Menurutnya, yang menjadi kendala dari persoalan kenaikan gaji PNS ini adalah soal manajemen anggaran. Ia menilai, banyak kegiatan yang dilakukan oleh pegawai tidak sesuai dengan fungsinya, sehingga hanya terkesan menghabiskan anggaran.

“Karena mereka punya anggaran untuk kegiatan, akhirnya hanya berlomba untuk membuat kegiatan tersebut, tapi tidak sesuai dengan fungsinya,” katanya.

Upacara peringatan Hari Kebangkitan Nasional ke-108 di lingkungan Kementerian Sekretariat Negara Sekretariat Kabinet. /setkab.go.id.

Ia juga mengatakan, pihaknya selalu mewacanakan pemerintah melakukan sistem penggajian berdasar beban tugas pegawai tersebut. Sistem ini ia sebut single sallary system (sistem penggajian tunggal).

“Dengan single sallary system pegawai akan dibayar berdasarkan beban kerja dan kemampuannya. Kita juga tidak perlu lagi membandingkan kenapa gaji Gubernur Bank Indonesia lebih besar dari presiden, karena beban tugasnya beda,” tutur Enny.

Melalui sistem ini, kata Enny, Kementerian Pendayagunaan Aparatur Negara dan Reformasi Birokrasi dapat membuat formulasi agar pegawai dibayar berdasarkan beban kerjanya. Selain itu, kegiatan yang akan dilaksanakan sesuai dengan fungsi dan manfaat bagi pemerintah.

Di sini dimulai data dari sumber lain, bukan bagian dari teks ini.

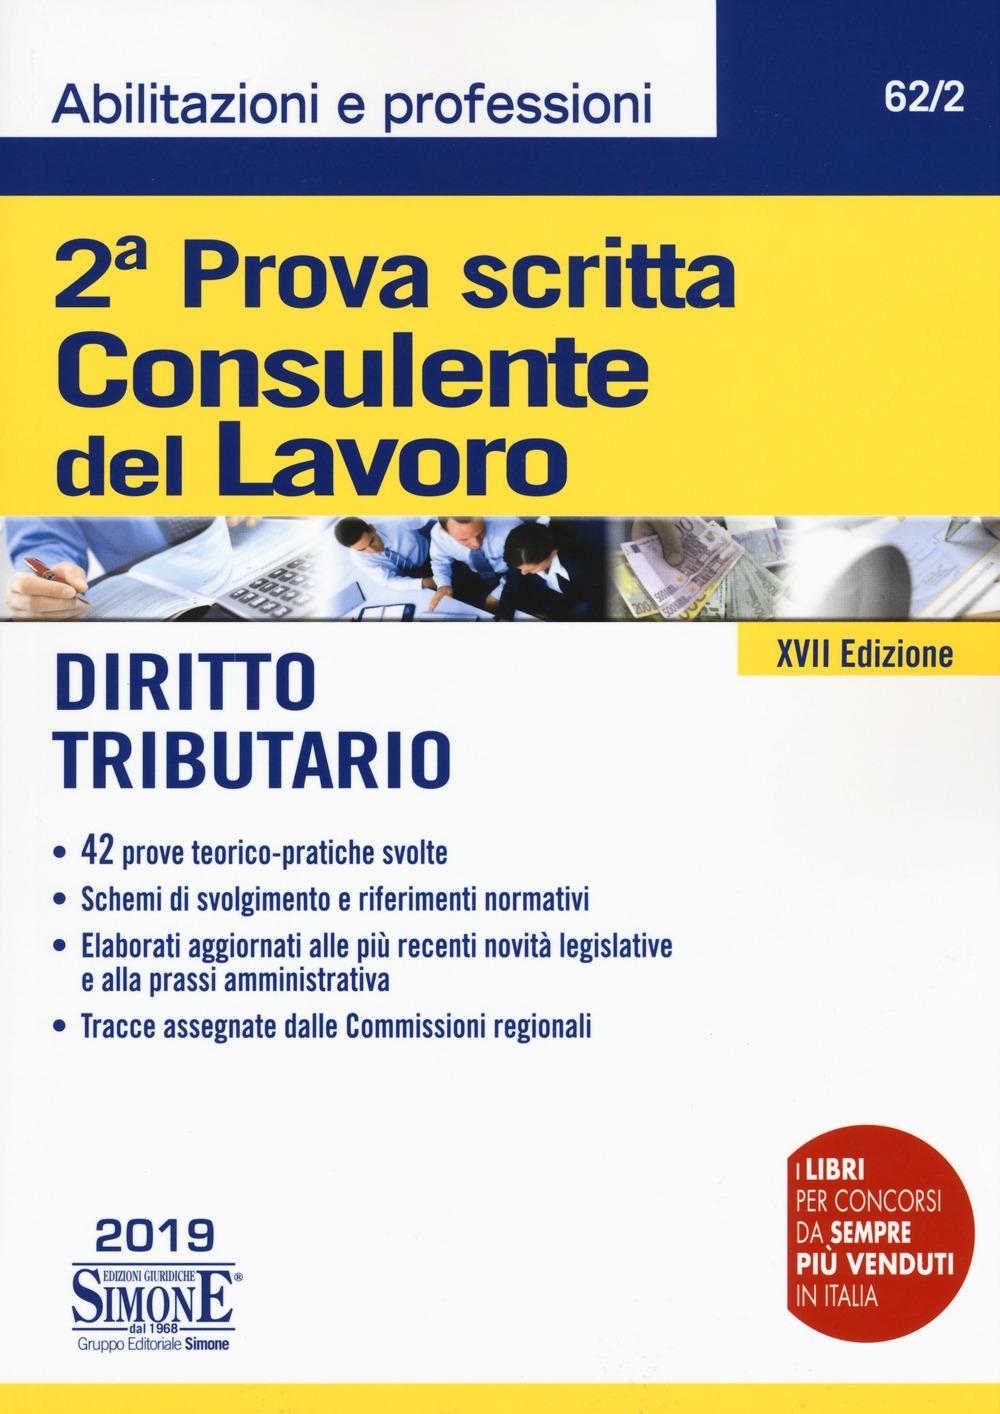 Consulente del lavoro. 2ª prova scritta. Diritto tributario

“Meskipun berada dalam satu golongan pegawai, misalnya golongan II A, hubungan masyarakat yang bekerja hanya delapan jam sehari tidak boleh memiliki gaji yang sama dengan pegawai bagian perencanaan yang mungkin bekerja hingga dini hari,” katanya.

Gaji PNS di setiap pemerintahan mengalami kenaikan bertahap.

Sementara menurut Pieter Abdullah Redjalam, kenaikan gaji PNS dan anggota Polri tak bisa dikaitkan langsung dengan pemilu. Bagi Pieter, segala sesuatu bisa saja dikaitkan dengan isu pemilu. Akan tetapi, harus dilihat apakah masuk akal atau tidak.

“Kalau kenaikannya 100% atau dua kali lipat dari gaji yang biasa diterima, tentu kita akan menolak, karena tidak masuk akal. Tapi untuk kasus ini masih dapat diterima, karena masih sesuai dengan pertumbuhan inflasi Indonesia,” katanya.

Ia menambahkan, kenaikan gaji PNS setiap tahun harus dilakukan karena berkaitan dengan perekonomian secara makro, dan harus dilihat dengan positif. Bila PNS diturunkan gajinya, kata dia, daya beli juga akan turun, serta sektor swasta tak akan tumbuh.

“Jika itu terjadi akan banyak pemutusan hubungan kerja (PHK) dan akan berdampak buruk terhadap perekonomian. Investasi juga akan hilang, makanya ini harus dilihat dari sisi positif, jangan negatifnya saja,” ujarnya.